Wilmington PharmaTech, on mission to boost US drug ingredient capacity, snares investment from PE firm Curewell

Throughout 2025, drugmakers of all stripes have collectively poured billions of dollars into U.S. manufacturing investments. Many of those projects have centered on later stages of the production process, such as drug substance manufacturing or fill-and-finish infrastructure, while the fundamental steps required to produce drug ingredients continue to stand out as a potential blind spot for the nation.

Aware of that lack of active pharmaceutical ingredient infrastructure in the U.S., private equity firm Curewell Capital is aiming to close the gap with a majority investment in specialty CDMO Wilmington PharmaTech, Wilmington announced Tuesday.

With the extra cash on hand, WPT plans to expand its production capacity and further scale its end-to-end capabilities for manufacturing a “full range of small molecule API in the U.S,” the CDMO said.

“As a private investment firm focused exclusively on healthcare, we’ve been actively looking for a long-term investment in the CDMO sector, and specifically in complex API manufacturing,” Curewell Partner Michael Dal Bello said in an interview with Fierce Pharma ahead of the investment announcement.

In turn, Curewell has been working with WPT in the background on a plan Dal Bello hopes will help the CDMO’s customers gain more control over their development timelines and ensure they’re able to source drug ingredients from a dependable U.S. source.

“We see a huge need to build U.S.-based manufacturing capabilities in this current environment, and bringing back drug manufacturing, high quality science and biopharma jobs to us, I think, is something that many of our customers are focused on,” he added.

Aside from an initial investment, Curewell will continue to pump cash into WPT over time, according to Dal Bello.
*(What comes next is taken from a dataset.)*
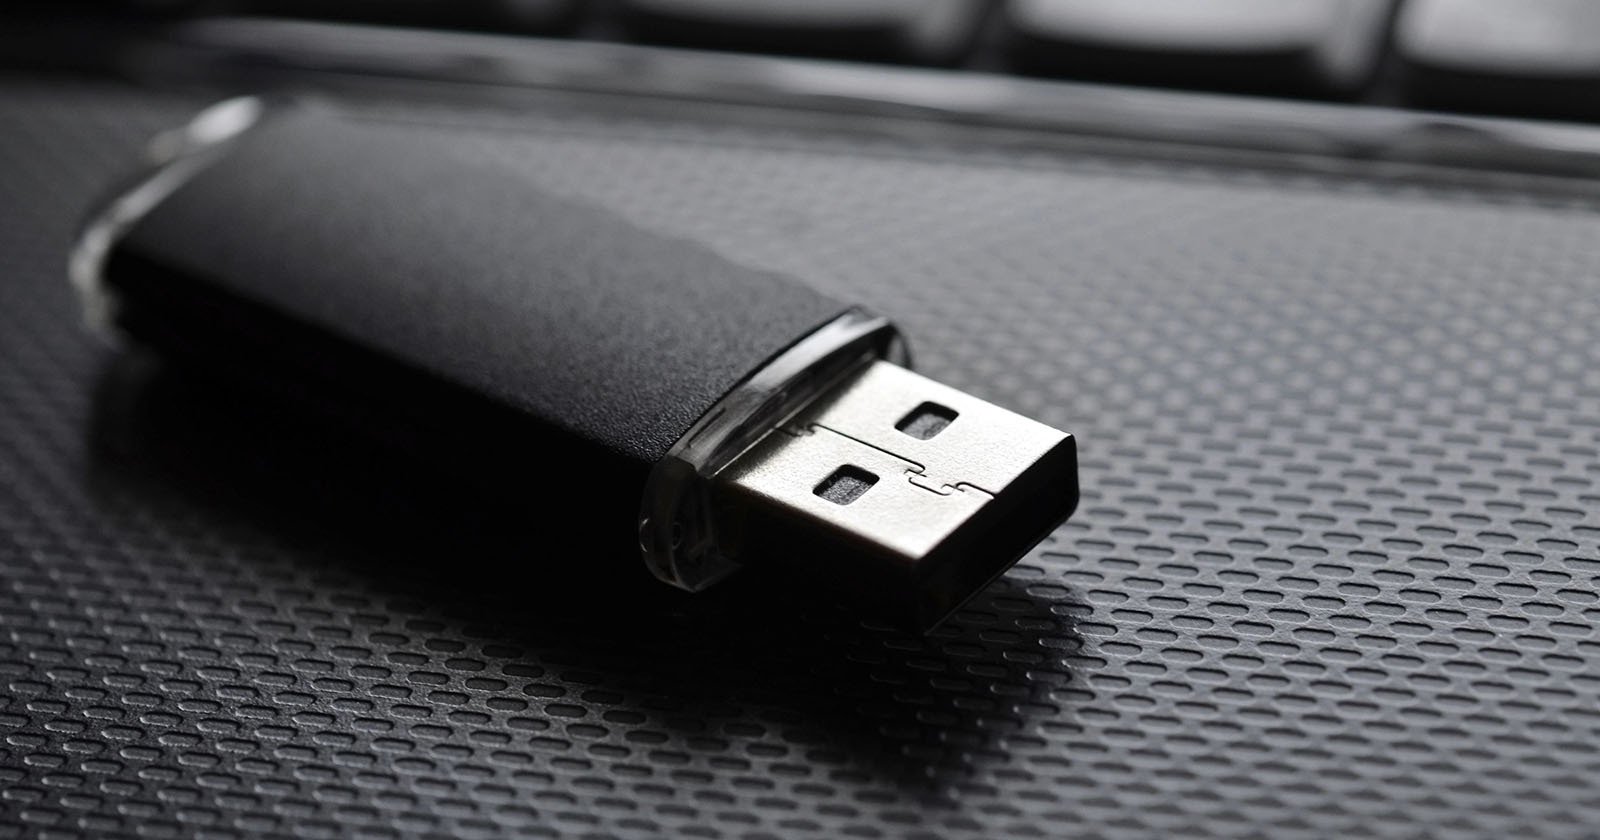 German Data Specialists Finds Many Faulty USB Thumb Drives
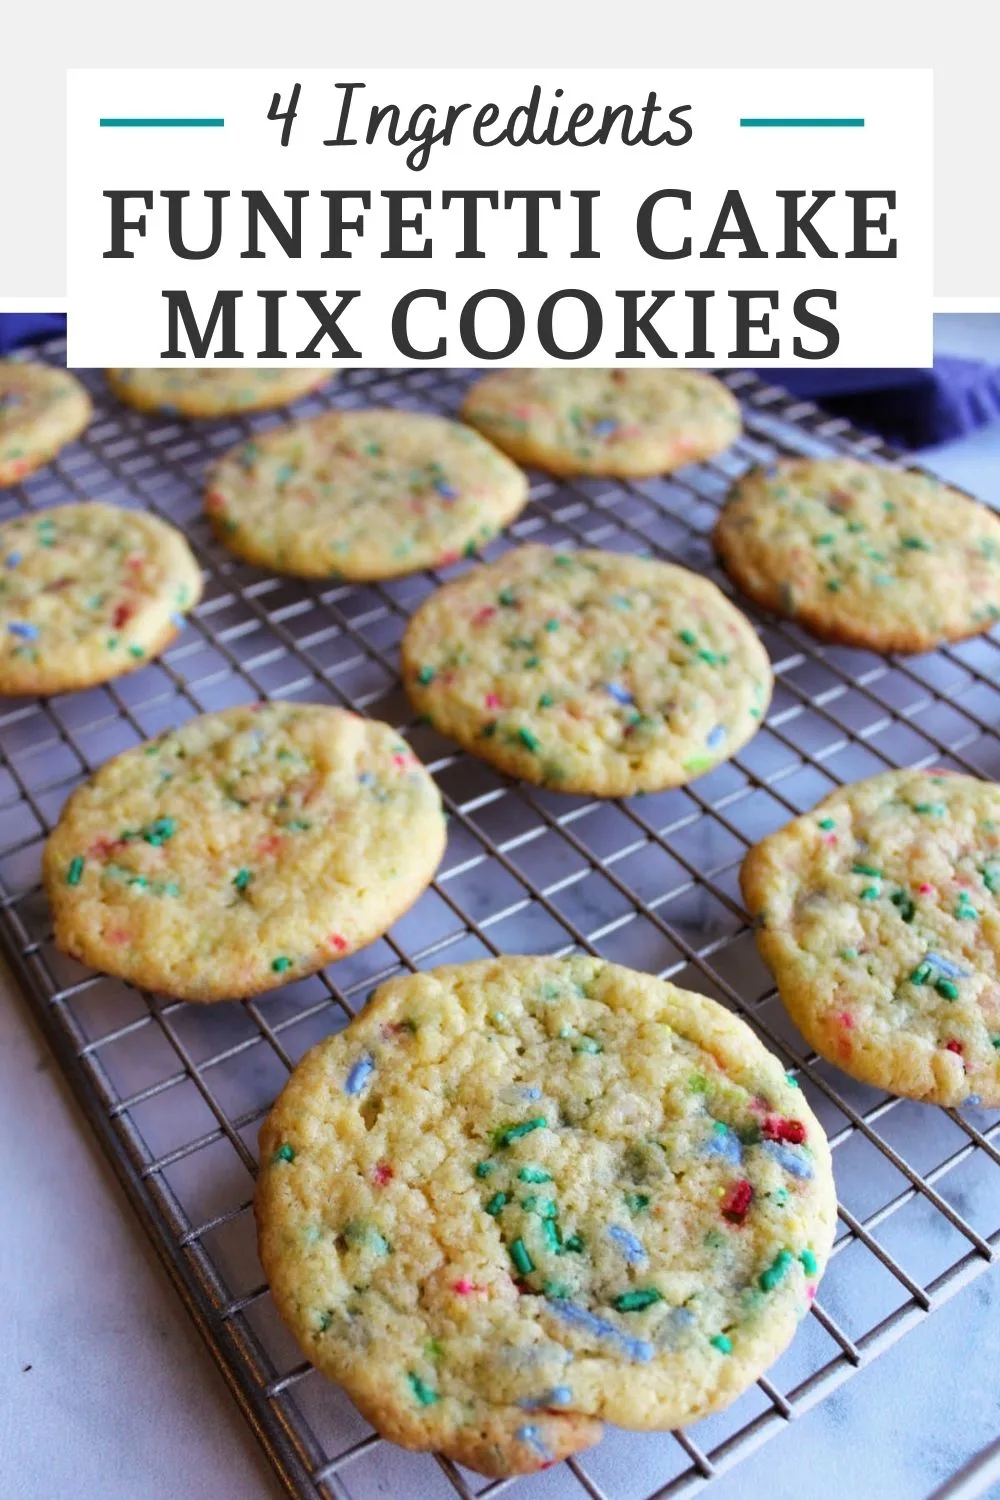 It only takes 3 or 4 of ingredients to make the soft and delicious funfetti cake mix cookies. Start with a box of cake mix and you'll have a sweet treat in just a matter of minutes!

The PE partner did not disclose the size of the investment Curewell is making but noted that the total outlay in WPT will eventually reach “nine figures.”

“While we’re investing in WPT, we also have incremental funding to do acquisitions on behalf of Wilmington PharmaTech," Dal Bello said.

As part of the arrangement, WPT founder and CEO Hui-Yin “Harry” Li, Ph.D., will retain a "significant ownership stake" in the CDMO and will continue to be in charge of the business, according to the Tuesday press release. 

Dal Bello described Wilmington as akin to “the industry’s best-kept secret,” noting that the company does not have a huge public profile but has built strong and consistent relationships with its clients over the years.

WPT started operations in 2003 and has contributed to the development of “multiple blockbuster drugs” over that time, Dal Bello said. The company has a background in complex synthesis, medicinal chemistry, scale-up and good manufacturing practice supply, according to its press release. The company’s service offerings run the gamut from early discovery and clinical development through commercial supply.

The CDMO currently operates out of a 54-acre campus in Delaware, where it hosts two adjacent facilities for production. The site includes dedicated suites for high-potency API production and is equipped to provide registered starting material support, too, Wilmington said.

The company separately operates an “accelerated development and analytical support facility” in Suzhou, China.

To hear WPT’s chief executive Li tell it, the CDMO started its journey as a “niche company,” helping biotechs move investigational compounds into the clinic. As the work of WPT clients has advanced, so too has the CDMO’s need to grow its manufacturing footprint, Li explained.

While WPT is already producing at least one commercial product in Delaware, a key part of Curewell’s investment “thesis” is to help the company “expand to larger scales as well as larger capacity,” Kent Payne, Ph.D, operating partner at Curewell, said during the interview.

Many U.S. manufacturing investments have been announced so far in 2025 amid the Trump administration’s tariff-fueled push toward onshoring drug production. Still, many of those projects have focused on other steps in the manufacturing process rather than the production of drug ingredients themselves.

“There are some larger players in the U.S. still—although probably many more in other countries—in the small molecule API space,” Payne explained. “But they’re typically very large, focused on very large scale, and we think that there’s a specific need for these more niche and again, difficult-to-manufacture compounds, where Harry and his team not only master the early chemistry, but the process development and scale-up.”

Curewell’s investment comes about two months after the equity firm closed its inaugural fund at $535 million. Curewell has said the fund will build on its team’s “established strategy of acquiring leading U.S. healthcare businesses across healthcare services, pharmaceutical services, medical devices, and healthcare technology.”